Rice University - Comp 212 - Intermediate Programming
Fall 2001
Lecture #20 - Restricted Access Containers (RACs) and the Strategy
Pattern
Restricted Access Containers
- Restrict the users from seeing inside or working on the inside of the container.
- Have a simple store(data) and retrieve() methods. Note the lack of specification
of how the data goes in or comes out of the container.
- However, a "policy" must exist that governs how data is stored/retrieved.
Examples:
- First in/last out (FIFO)
- Last in/first out (LIFO)
- Retrieve by ranking
- (my favorite) Random retrieval
- RACs are sometimes called "priority queues".
- The policy is variant behavior --> abstract it.
- The behavior of the RAC is independent of exactly what the policy does.
- The RAC delegates the actual storing and retrieving work to the policy.
- The RAC is only dependent on the existence of the policy, not
what it does.
- The policy is a "strategy" for storing and retrieving data
from the RAC. See
the Strategy design pattern.
- Strategy pattern vs. State
pattern -- so alike, yet so different!
- RAC double dispatches through the policy for the store and retrieve methods.
Those operations depend on the policy.
- Internal data container: (Note, the outside behavior does not depend on
this -- implementation only! --- Click
here for docs / Click here to download the code
)
- Doubly linked Lisp-list-like circular list: All abstract nodes a have
both next and previous links and have all the link management (get/insert/etc)
methods plus abstract methods, notably the visitor pattern execute().
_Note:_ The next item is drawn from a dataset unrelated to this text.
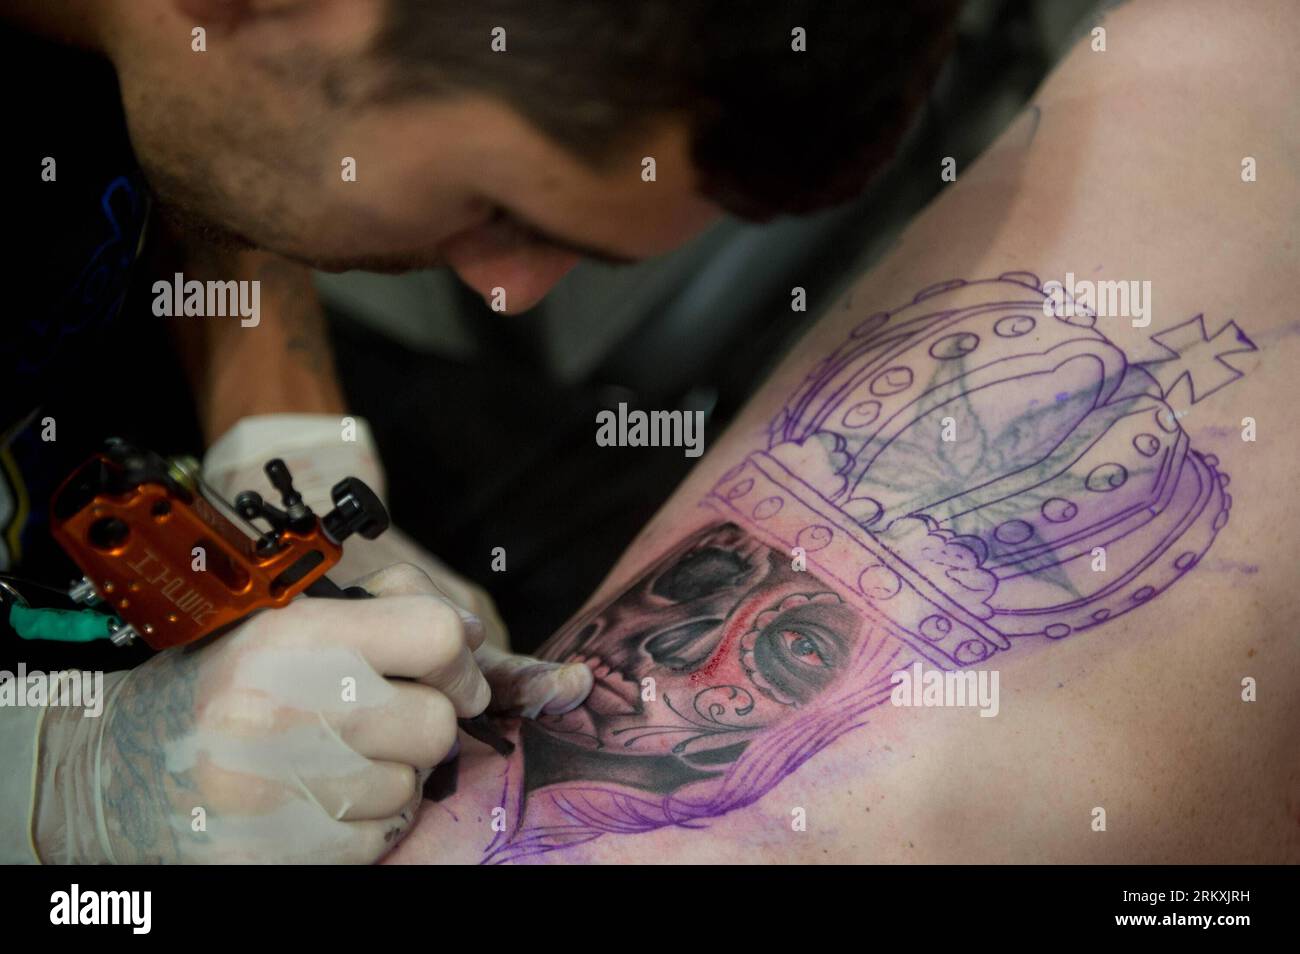 Tattoos Art - Tattoos Art is at RK Tattoo Studio. | Facebook

- Data nodes have data (amazing!).
- Instead of a regular null node, use a "stop node" that holds both the
head and the tail of the list --> O(1) access for both head and tail with
no accounting problems that come with trying to track a tail that moves
with each insert/remove.
- Outside RAC context holds onto the stop node, not the abstract node.
- Store and retrieve are implemented using visitors.
- Need an init() method of the policy to condition the internal data structure
for use when the policy is installed.
- Stacks and Queues are types of RAC with quasi-standard interfaces. Use adapters
to translate to/from the standard interfaces to our implementation of a RAC.